Pronunciation: /ˈhōmˌsted/


1A house, especially a farmhouse, and outbuildings.
Example sentences
  • All spent idyllic summers visiting their widowed grandmother, Emma Darwin, at Down House, the old homestead in the Kent countryside.
  • A typical homestead includes a main house with several related structures for various functions.
  • There was an entire homestead, with home, barns and other outbuildings, complete with a windmill, falling to the ground, evidently worth nothing.
2 Law A person’s or family’s residence, which comprises the land, house, and outbuildings, and in most states is exempt from forced sale for collection of debt.
Example sentences
  • Station homesteads were thus widely scattered and invariably placed alongside the most abundant and reliable water sources.
  • One of these was built at Edeowie, some distance from the station homestead.
  • Mr Holt has bad memories of the drought years of the sixties when hundreds of kangaroos were dropping dead around the homestead and the station bores.
3North American historical (As provided by the federal Homestead Act of 1862) an area of public land in the West (usually 160 acres) granted to any US citizen willing to settle on and farm the land for at least five years.
Example sentences
  • Under the 1868 treaty Indians were permitted to claim 160-acre homesteads on public lands.
  • Thousands of these historic remnants litter national forests and wilderness areas, relics of homesteads or mining claims that predate the protected entity.
  • In Kansas they built all-black towns, developed homesteads, and acquired land.
4(In southern Africa) a hut or cluster of huts occupied by one family or clan, standing alone or as part of a traditional African village.
Example sentences
  • And, likewise, tourists flying into Ondangwa and Oshakati are fascinated by the intricate patterned landscape of the traditional Owambo homesteads, for example.
  • On any of these roads I have mentioned, you only need to be about 5 km away from the main road, or from the river, then you are in the bush with only the odd homestead or village here and there.
  • He believes that the existence of the graveyards follows a cultural trend whereby burial sites are situated close to homesteads and villages, especially in rural areas.

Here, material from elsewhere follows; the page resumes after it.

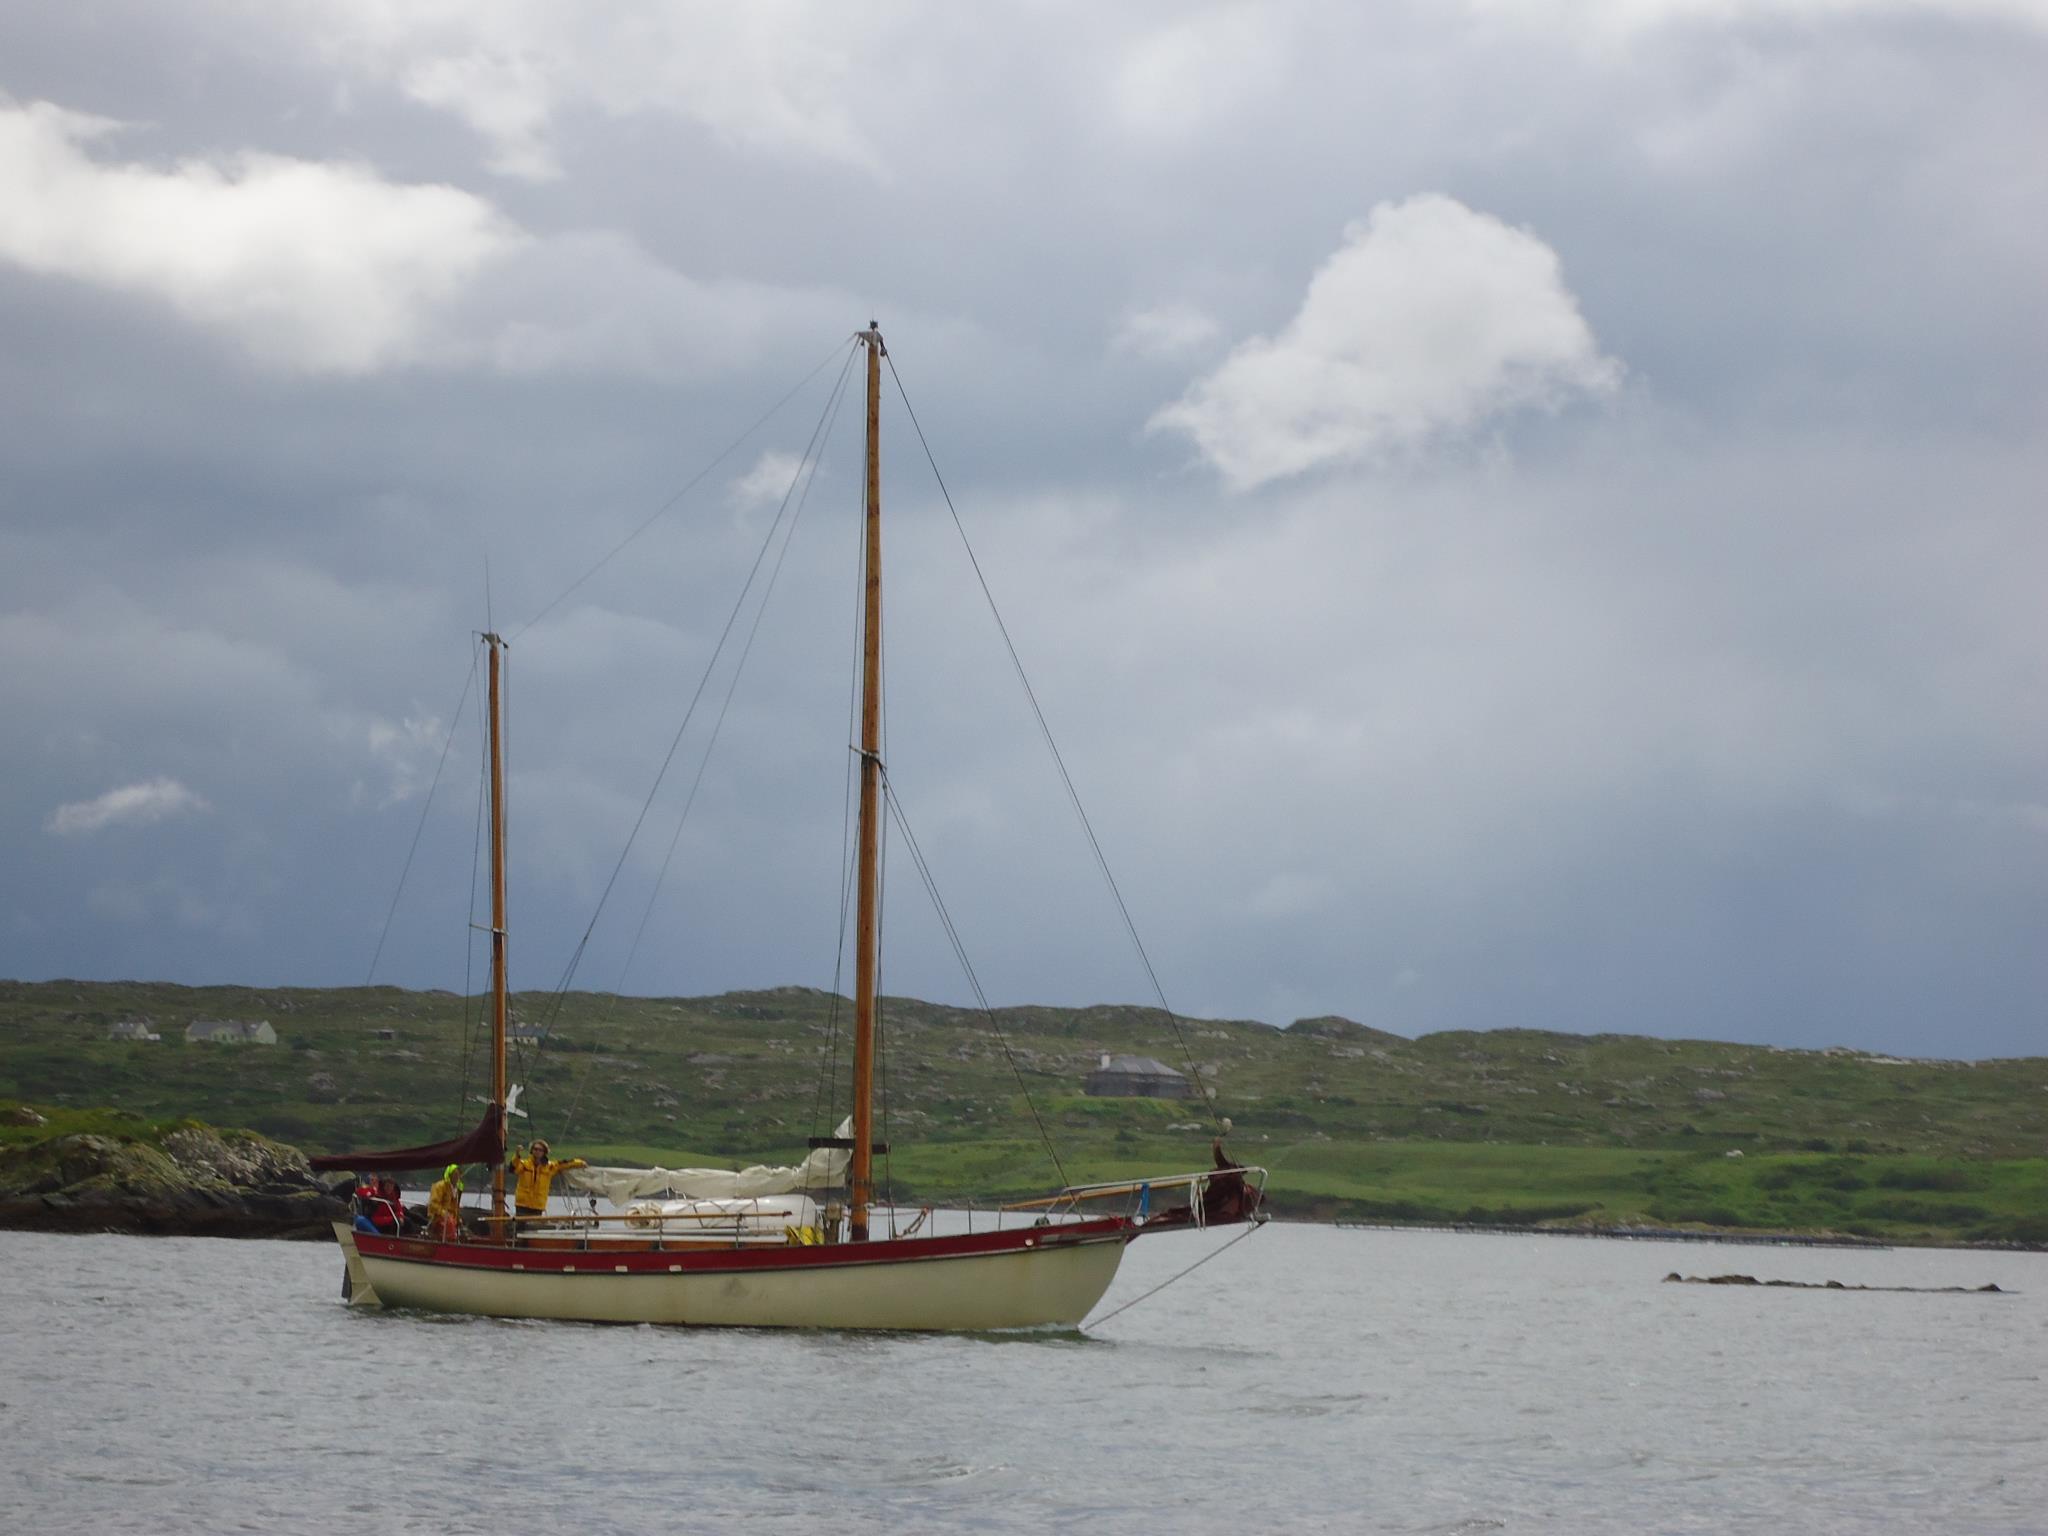 Teddy departs Ireland, June 2012

Pronunciation: /ˈhōmˌstedər/
Example sentences
  • Sheep and cattle, introduced by homesteaders, munched the grasses that fueled periodic fires.
  • Confining our conversation to firearms, the most common working gun of the farmer or homesteader in the late 19th century was the double-barreled shotgun.
  • The new young homesteaders had a real interest in revitalizing agriculture.


Old English hāmstede 'a settlement' (see home, stead).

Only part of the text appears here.